Republicans like to rail against public schools as “government schools,” with the implication that they are sites where the government brainwashes children with liberal and “woke” ideology. Now, Florida Republicans are in court arguing that Florida public schools are their government schools and can be required to push their message—all the way down to the books in the school libraries.

In response to two lawsuits against the Escambia County and Lake County school boards and, in one case, state education officials, Florida Attorney General Ashley Moody and the two school boards are arguing, as Moody put it in her brief, that “Public-school systems, including their libraries, convey the government’s message.” According to Moody, who is representing the state, public school libraries are “a forum for government speech,” not a “forum for free expression.” The logical extension of that position is that whoever is in charge of the government gets to decide on all of the information that is not only taught in schools but available in their libraries.

Republicans are of course safe in pushing this idea because while they will ban books with LGBTQ+ characters and anti-racist messages, Democratic administrations tend to leave decisions up to the professionals in the schools. Massachusetts Gov. Maura Healey, for example, is not pushing for the removal of books with straight characters because she is herself LGBTQ+.
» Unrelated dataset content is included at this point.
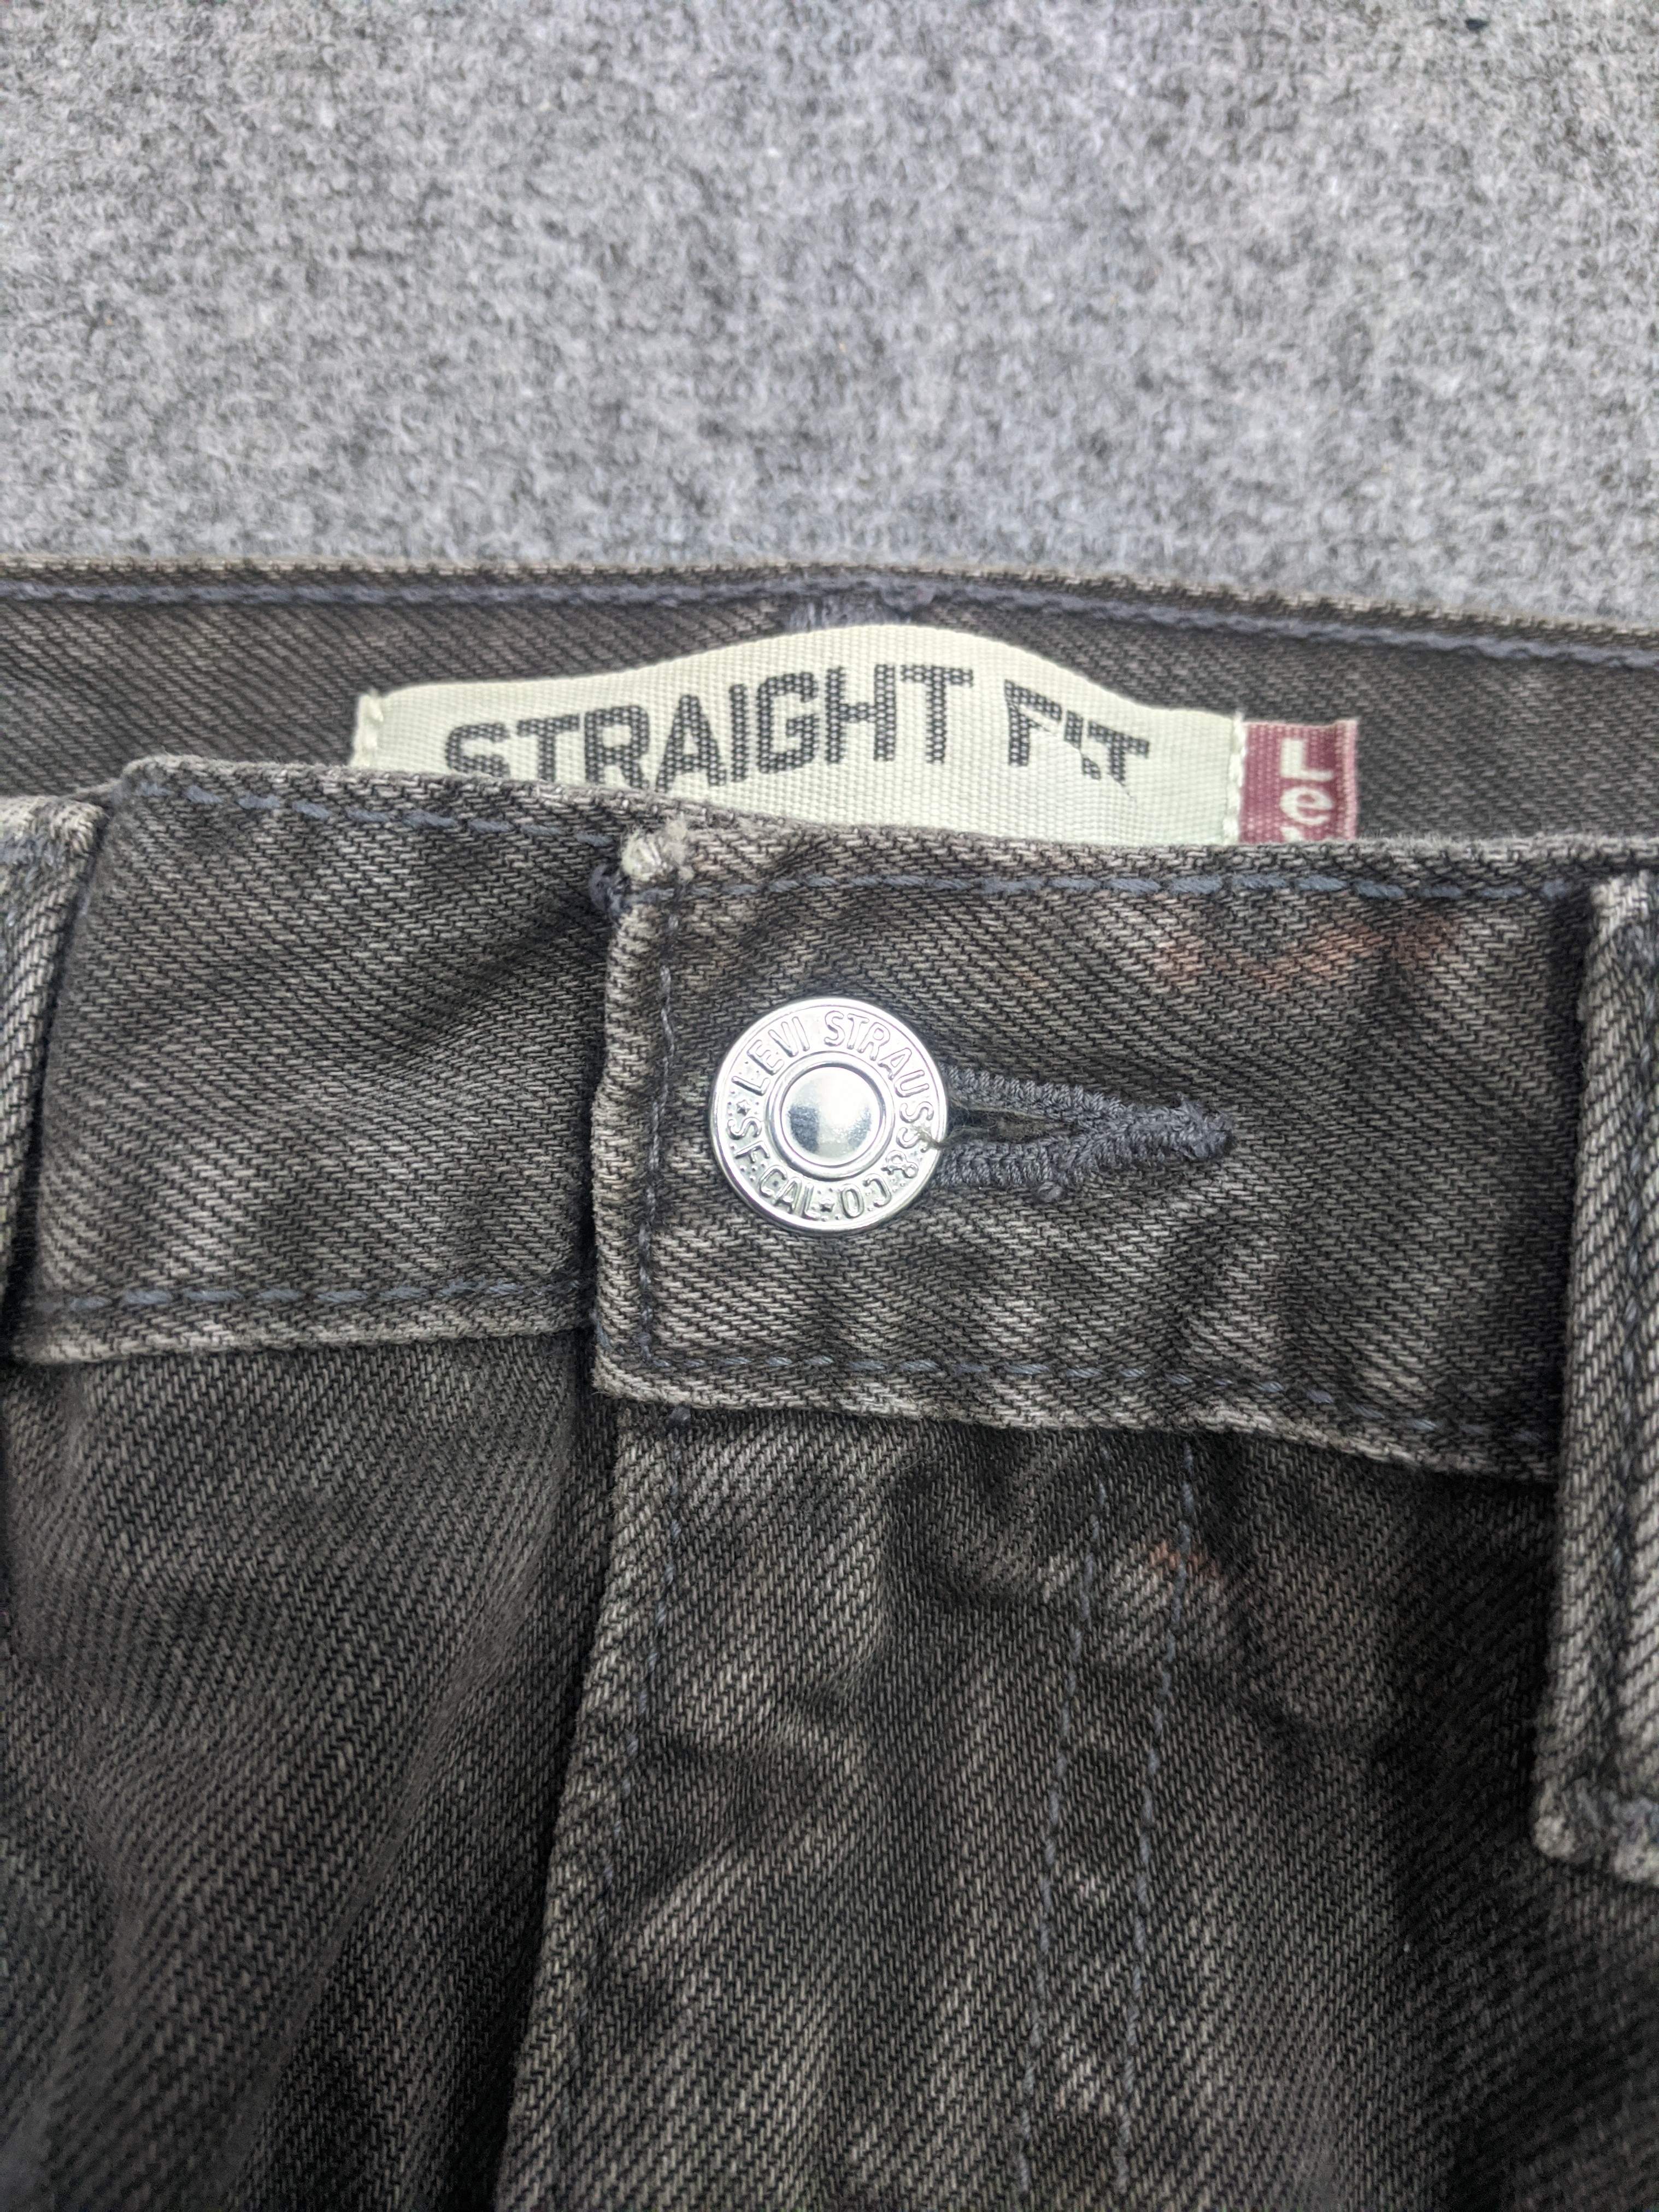 Vintage - Vintage Levis 505 Light Wash Jeans - 7
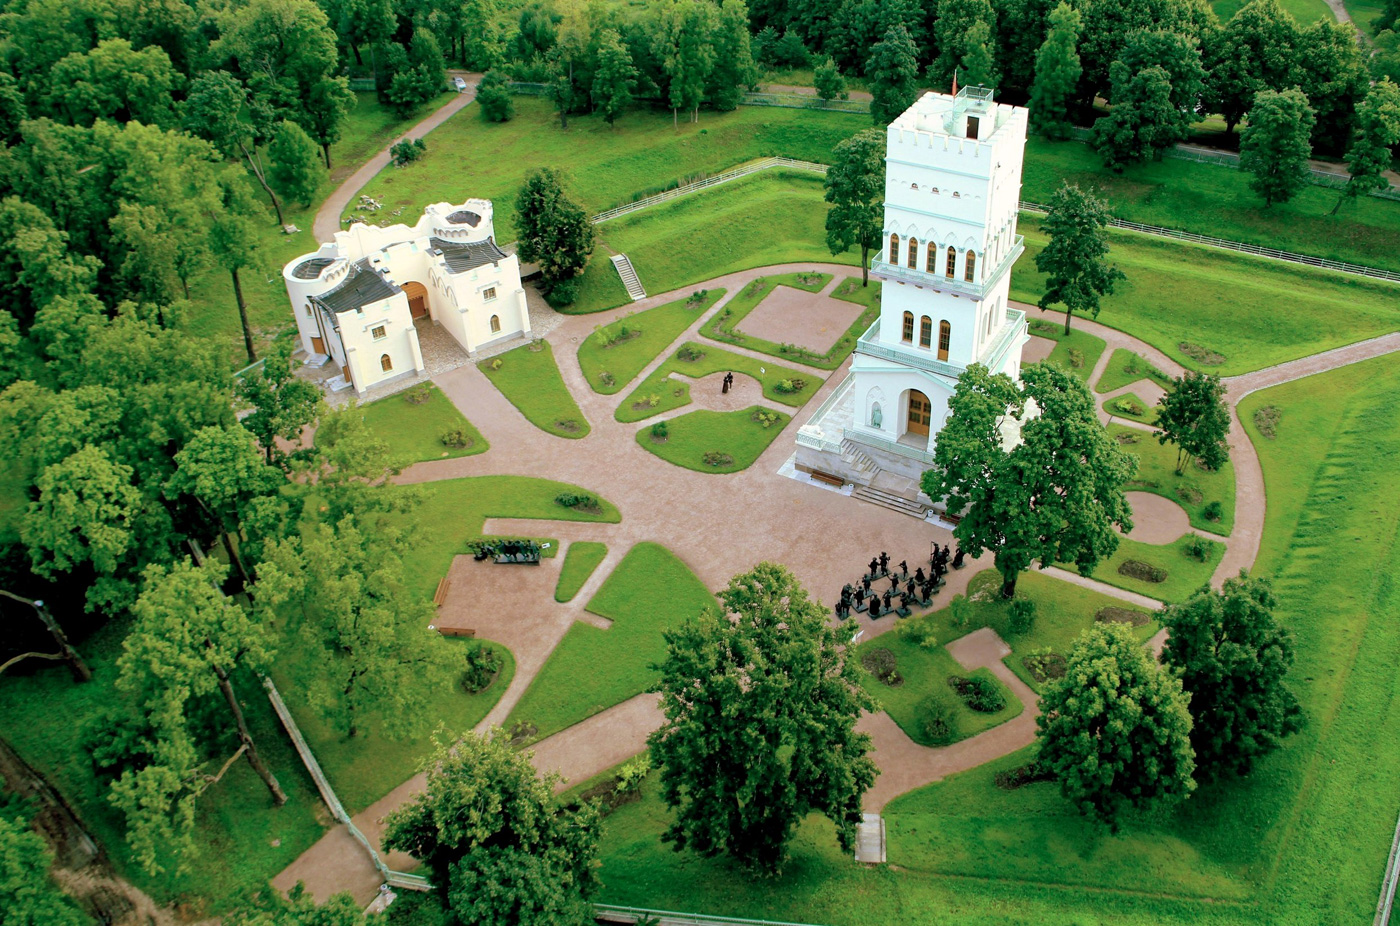 Александровский парк белая башня

This lawsuit, reported on in depth by the Tallahassee Democrat, is a classic case of Republicans ignoring concerns about hypocrisy to simply argue for whatever gives them power at any given moment.

“There’s considerable irony in that those who seek to limit access to books in school libraries often say they’re fighting for parental rights,” said Ken Paulson, director of the Free Speech Center at Middle Tennessee State University. “If government speech determines what books can be in the library, the government is essentially saying your children can only see the ideas that the government has approved.

“That’s not parental rights,” he added. “That’s authoritarianism.”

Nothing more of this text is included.